Secretary Clinton’s human rights record is perhaps less compelling material for a video montage. Despite the progressive position of her recent tweet, her relationship with China put these liberal ideals on the backburner. Her administration’s approach was based on Obama’s doctrine of “Pivot to Asia,” building strategic relationships in spite of how these regimes were treating their own people. Immediately establishing a pragmatist’s position, Clinton stated with regard to Beijing’s poor record that, “[her] pressing on those (human rights) issues can’t interfere with the global economic crisis, the global climate change crisis and the security crisis.” This rhetoric hardly mirrors the tone of the 2016 campaign, but the contradictions become more problematic.

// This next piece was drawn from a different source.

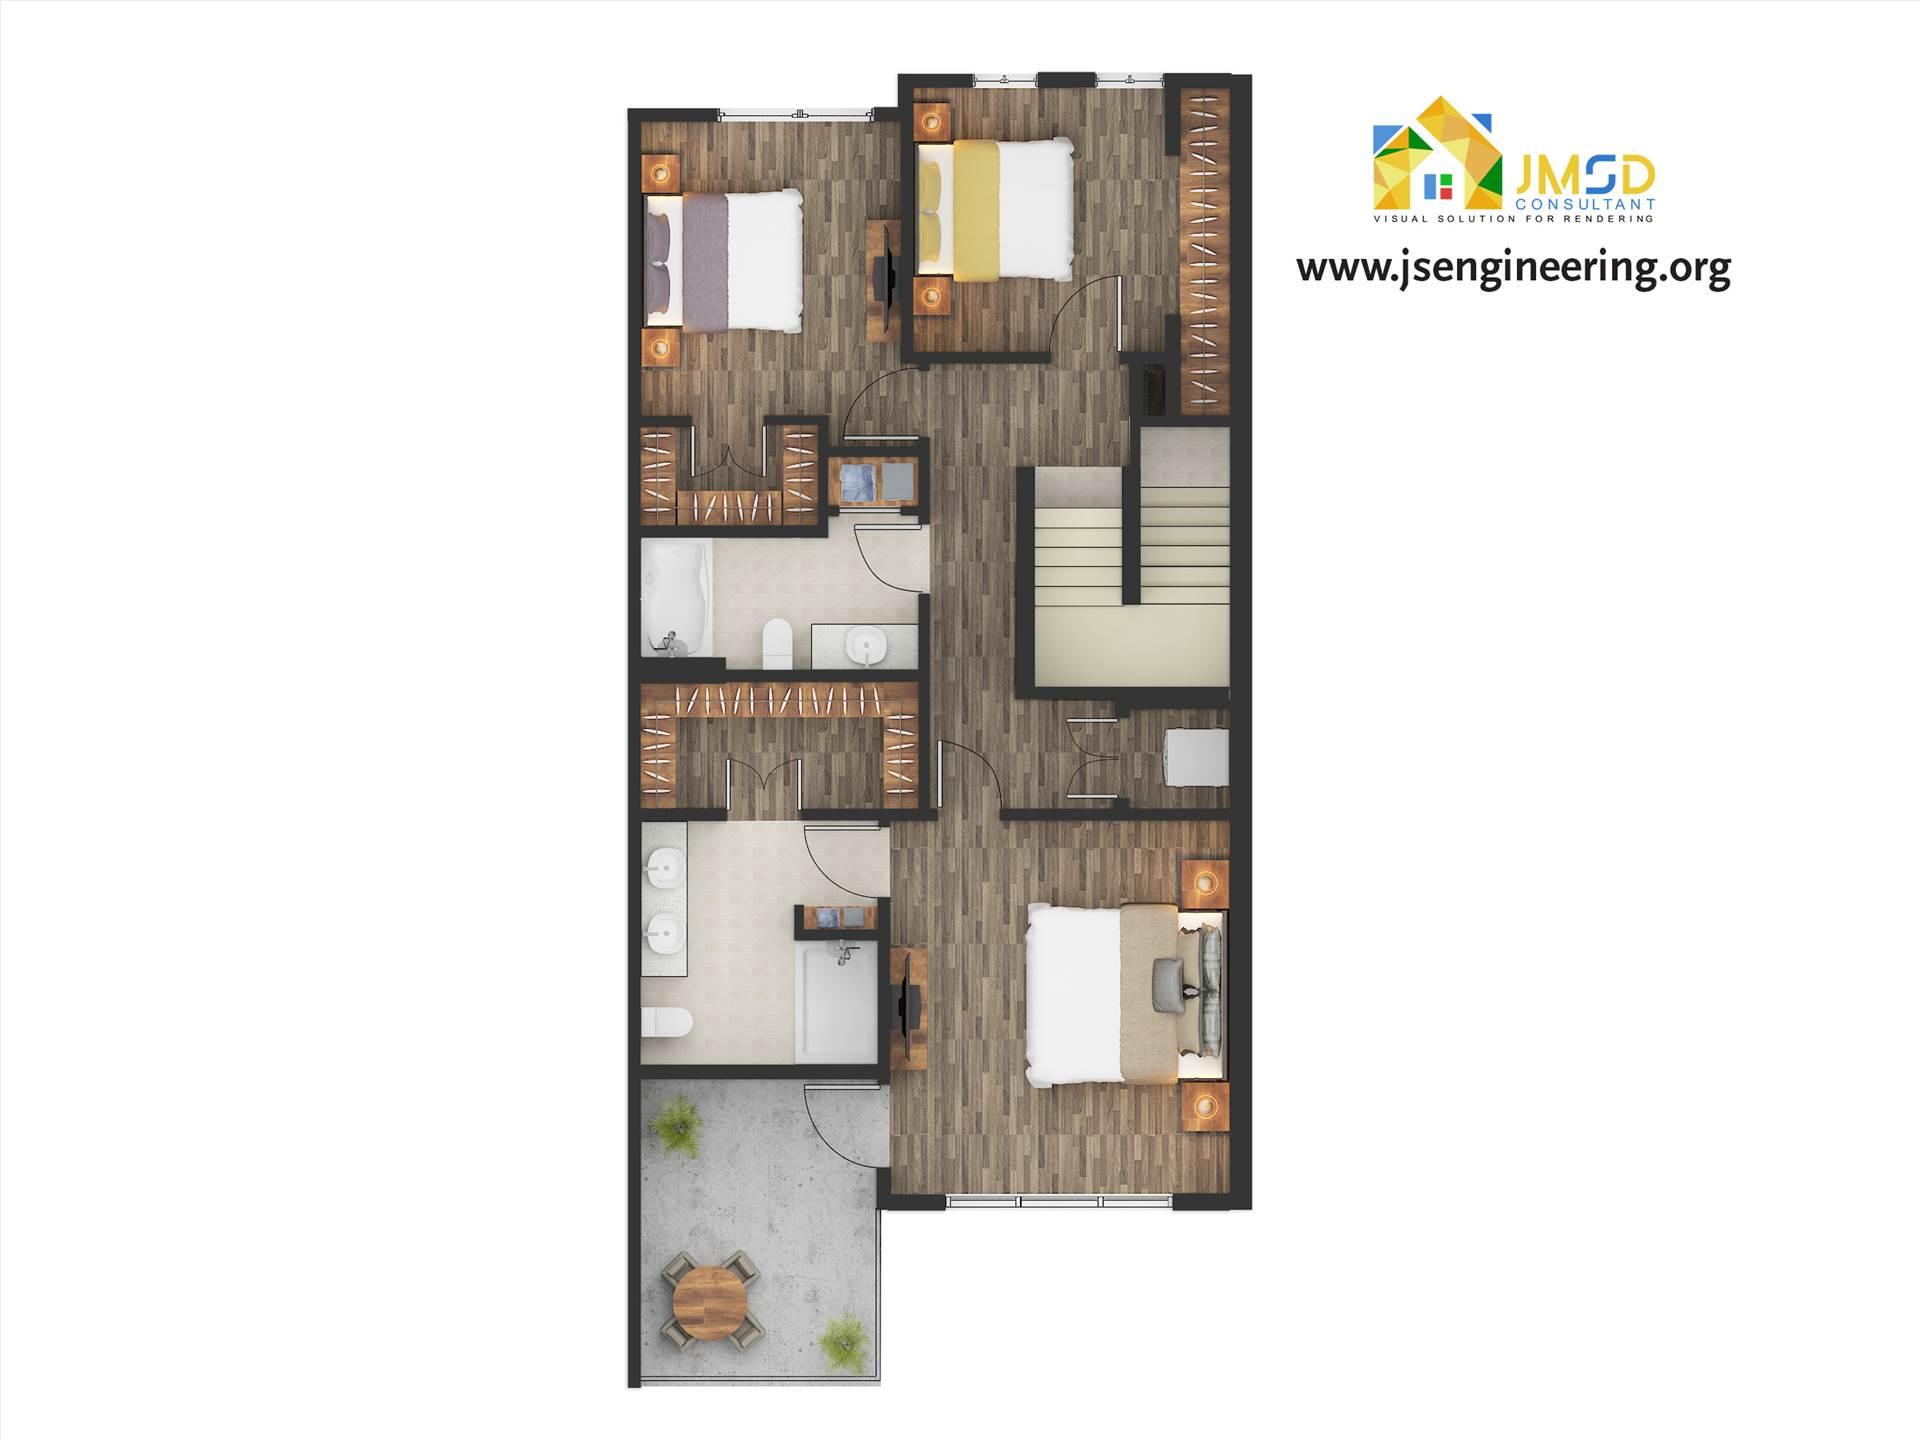 Floor Plan Design Services Color 2D Floor Plan Rendering for Marketing. by JMSDCONSULTANT

Clinton’s prized foreign policy objective during her time as Secretary, her diplomatic work with Myanmar, has come under harsh scrutiny. Her administration was responsible for relaxing the sanctions against Burma, hoping to foster economic and military engagement with what some have termed “one of the most repressive on earth.” While Clinton celebrated bringing Burma into the international fold, depicting it as a ‘crowning achievement’ of her tenure, this engagement has helped paved the way for further human rights abuses. These choices seem particularly unethical and ill conceived as the nation descends into greater sectarian violence and ethnic persecution. The government has backpedaled on its previous commitment to recognize the Rohingya minority, who are now been denied citizenship unless they voluntarily renounce their cultural identity. While the Clinton administration enthusiastically and swiftly lifted sanctions, allowing the powers that be to enjoy the benefits of economic liberation, this can hardly be classed as a victory when it effectively undermined the Burmese government’s incentive for democratic reform.

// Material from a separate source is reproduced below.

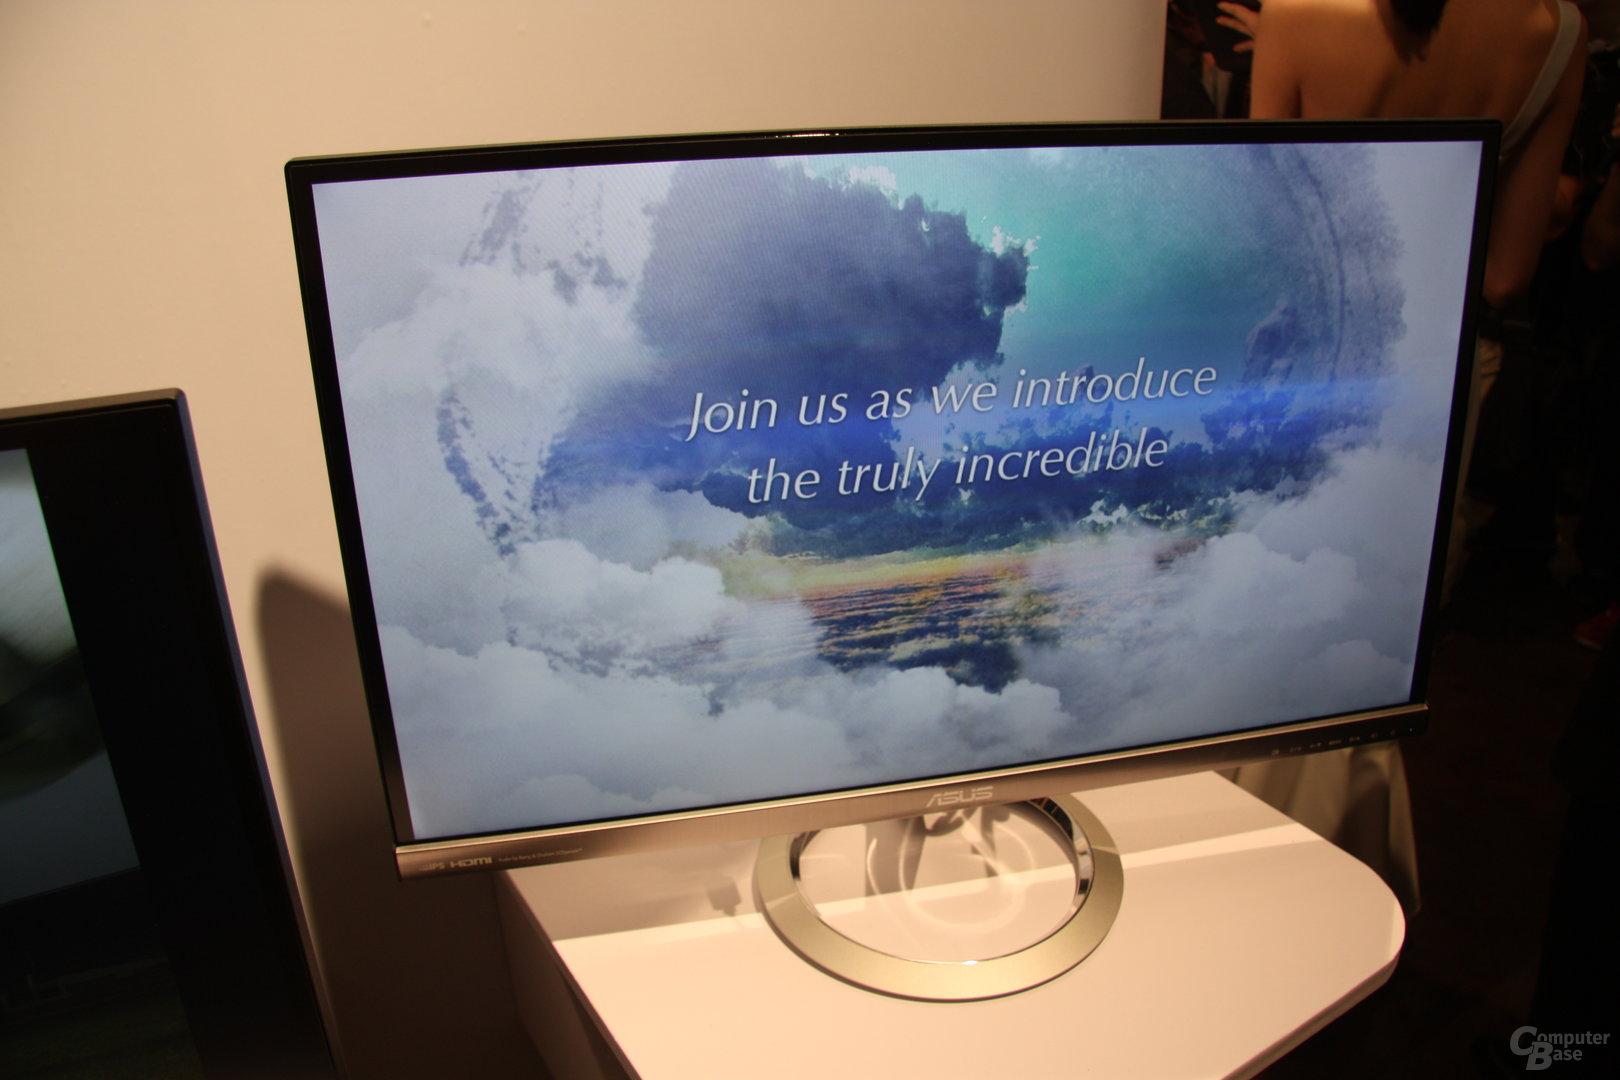 Asus MX-Monitore

Clinton was additionally responsible for the use of a national security waiver to provide aid to Egypt in the tumultuous years following the revolution. This aid waived the congressional stipulation that Egypt was “implementing policies to protect freedom of expression, association and religion and due process of law” before receiving American dollars, provoking Amnesty International and Human Rights Watch to harshly criticize the decision. Citing a desire to “advance the interests we share,” the Clinton administration allowed for over $1.5 billion to be funneled into the government amid NGO crackdowns and systematic legal abuses.

How can the self-described “fighter” defend an increasingly splotchy record human rights record? Are candid tweets and leftist campaign rhetoric enough to obscure Secretary Clinton’s cooperation with despotic regimes? Perhaps voters can accept Clinton’s response to this apparent contradiction during last week’s debate, “I’m a progressive who likes to get things done.”

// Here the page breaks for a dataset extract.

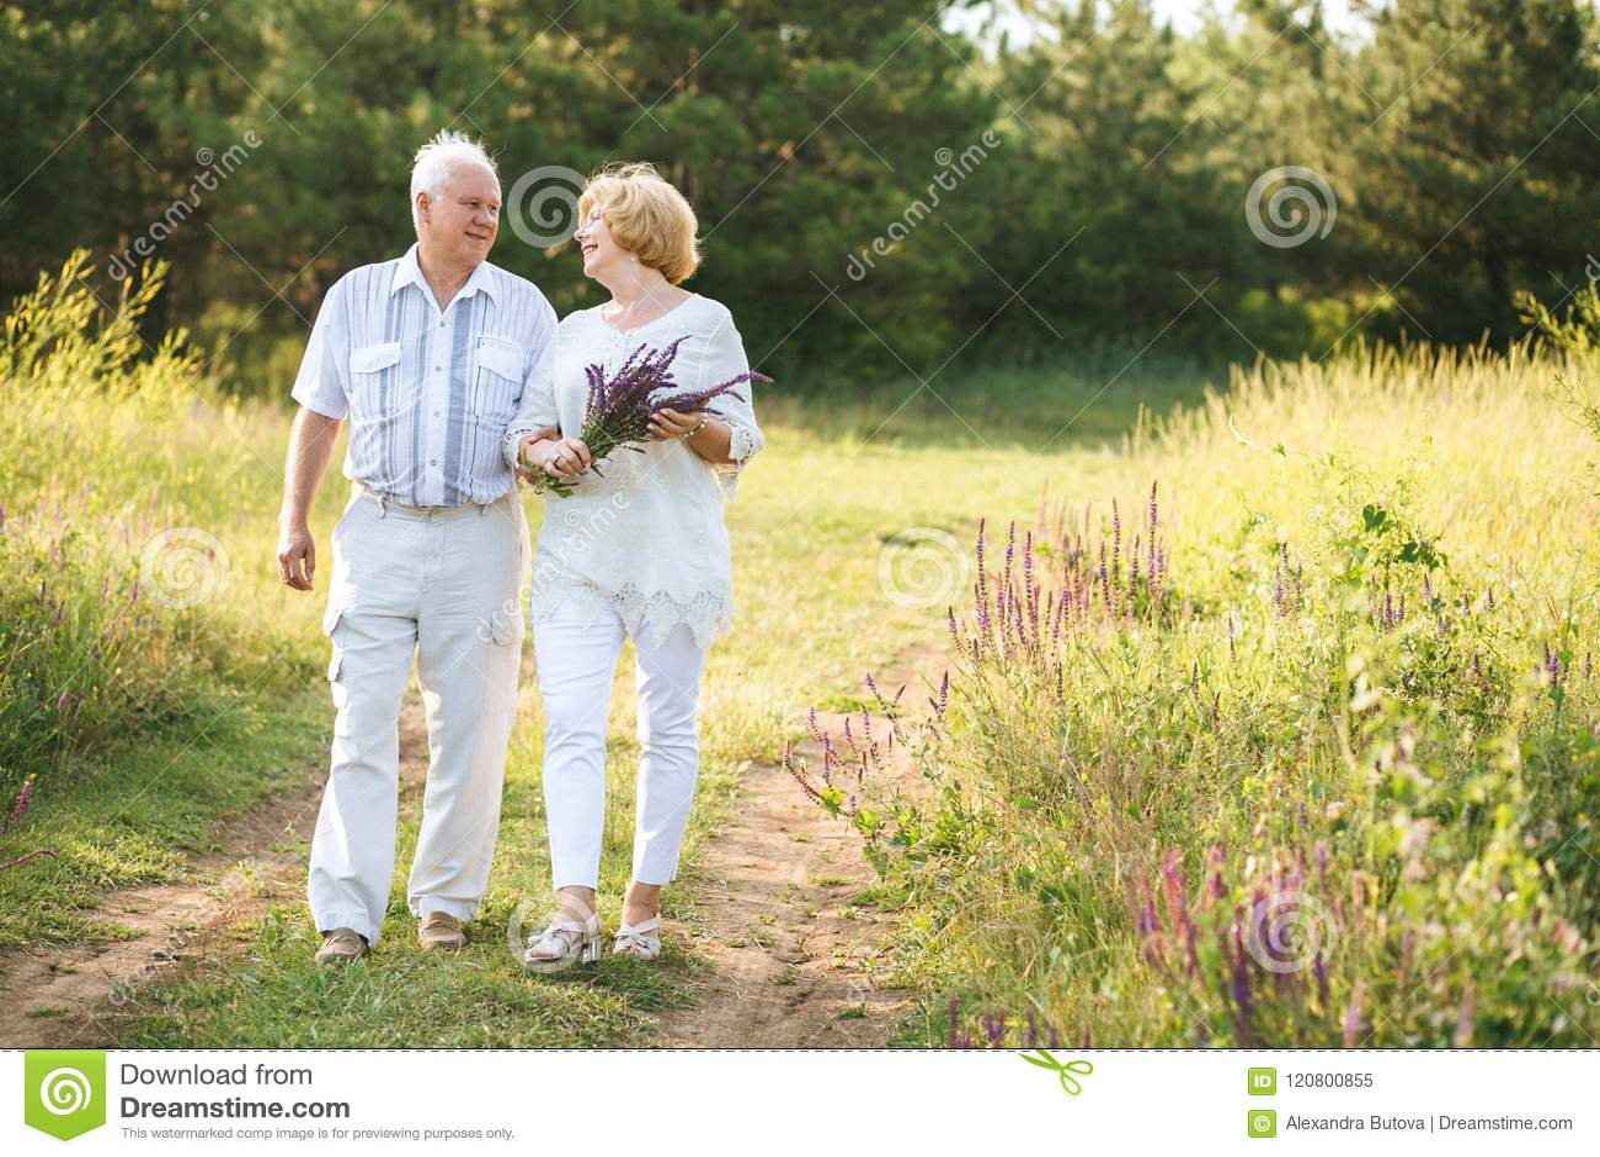 953de40a4ae4 Elderly Couple In The White Linen Dress Walking Outdoors

Hillary’s campaign has desperately attempted to remind voters of who she was before she rose to political stardom: an idealistic and outspoken Wesleyan graduate, a principled and determined advocate for children’s rights, a groundbreaking First Lady who refused to back down. The question remains: is this depiction appropriate when placing Clinton in a presidential context? Her existing foreign policy record is probably the clearest indicator of what America could expect from President Clinton in action.

Clinton’s team may have a markedly harder time selling her tenure as Secretary of State as a human rights victory. Luckily for Hillary, only 22 per cent of American voters rank foreign policy as a pressing matter in this year presidential election. Besides a constituency of eager Republicans, it may be fair to say that most voters are not very interested in taking her to task for her record overseas.